TASK - Return, word for word, the lines of the listing below from the one with "London, UK, 12" through the one with "Bow and tassel charm", and no other lines.

--------------------------------

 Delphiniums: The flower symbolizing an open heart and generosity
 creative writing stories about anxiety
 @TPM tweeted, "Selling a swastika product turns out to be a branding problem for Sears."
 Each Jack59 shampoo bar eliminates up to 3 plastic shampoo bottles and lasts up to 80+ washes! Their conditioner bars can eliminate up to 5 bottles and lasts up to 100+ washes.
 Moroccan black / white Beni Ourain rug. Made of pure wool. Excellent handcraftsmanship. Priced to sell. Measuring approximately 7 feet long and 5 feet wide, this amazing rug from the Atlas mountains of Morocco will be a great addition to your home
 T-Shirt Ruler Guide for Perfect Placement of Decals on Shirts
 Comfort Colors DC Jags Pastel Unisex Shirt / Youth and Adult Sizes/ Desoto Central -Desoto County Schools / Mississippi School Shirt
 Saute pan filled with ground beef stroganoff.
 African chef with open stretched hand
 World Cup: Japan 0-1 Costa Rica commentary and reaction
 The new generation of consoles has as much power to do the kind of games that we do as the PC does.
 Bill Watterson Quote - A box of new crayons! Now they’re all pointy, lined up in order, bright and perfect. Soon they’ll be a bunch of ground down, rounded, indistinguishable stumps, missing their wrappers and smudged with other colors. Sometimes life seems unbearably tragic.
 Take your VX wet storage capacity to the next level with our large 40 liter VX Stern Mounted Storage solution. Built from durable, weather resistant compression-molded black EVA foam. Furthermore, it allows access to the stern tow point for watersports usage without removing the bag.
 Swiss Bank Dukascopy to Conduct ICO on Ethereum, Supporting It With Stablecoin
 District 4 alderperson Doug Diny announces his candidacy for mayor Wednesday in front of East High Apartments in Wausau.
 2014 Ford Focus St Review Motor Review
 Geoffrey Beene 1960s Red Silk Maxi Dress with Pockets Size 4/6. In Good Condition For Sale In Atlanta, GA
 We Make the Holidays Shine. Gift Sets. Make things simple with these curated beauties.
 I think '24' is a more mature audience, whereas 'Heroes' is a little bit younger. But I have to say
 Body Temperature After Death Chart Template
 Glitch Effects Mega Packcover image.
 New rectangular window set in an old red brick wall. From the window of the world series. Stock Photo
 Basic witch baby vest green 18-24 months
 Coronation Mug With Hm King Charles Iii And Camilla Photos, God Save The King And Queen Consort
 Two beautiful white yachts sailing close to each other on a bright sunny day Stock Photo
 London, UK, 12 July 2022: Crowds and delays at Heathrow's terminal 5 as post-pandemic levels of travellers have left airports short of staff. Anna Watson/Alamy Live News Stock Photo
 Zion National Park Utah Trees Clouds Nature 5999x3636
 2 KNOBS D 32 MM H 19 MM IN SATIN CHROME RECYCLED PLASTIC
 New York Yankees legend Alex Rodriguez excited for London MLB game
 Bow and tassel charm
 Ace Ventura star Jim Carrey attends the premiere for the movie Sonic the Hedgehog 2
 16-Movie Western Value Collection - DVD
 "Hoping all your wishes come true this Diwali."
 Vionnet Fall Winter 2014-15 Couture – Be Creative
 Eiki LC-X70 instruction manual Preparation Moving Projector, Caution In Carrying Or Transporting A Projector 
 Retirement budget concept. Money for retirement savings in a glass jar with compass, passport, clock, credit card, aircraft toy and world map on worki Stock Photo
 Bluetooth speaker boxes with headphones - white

--------------------------------

COMPLETED TASK -
 London, UK, 12 July 2022: Crowds and delays at Heathrow's terminal 5 as post-pandemic levels of travellers have left airports short of staff. Anna Watson/Alamy Live News Stock Photo
 Zion National Park Utah Trees Clouds Nature 5999x3636
 2 KNOBS D 32 MM H 19 MM IN SATIN CHROME RECYCLED PLASTIC
 New York Yankees legend Alex Rodriguez excited for London MLB game
 Bow and tassel charm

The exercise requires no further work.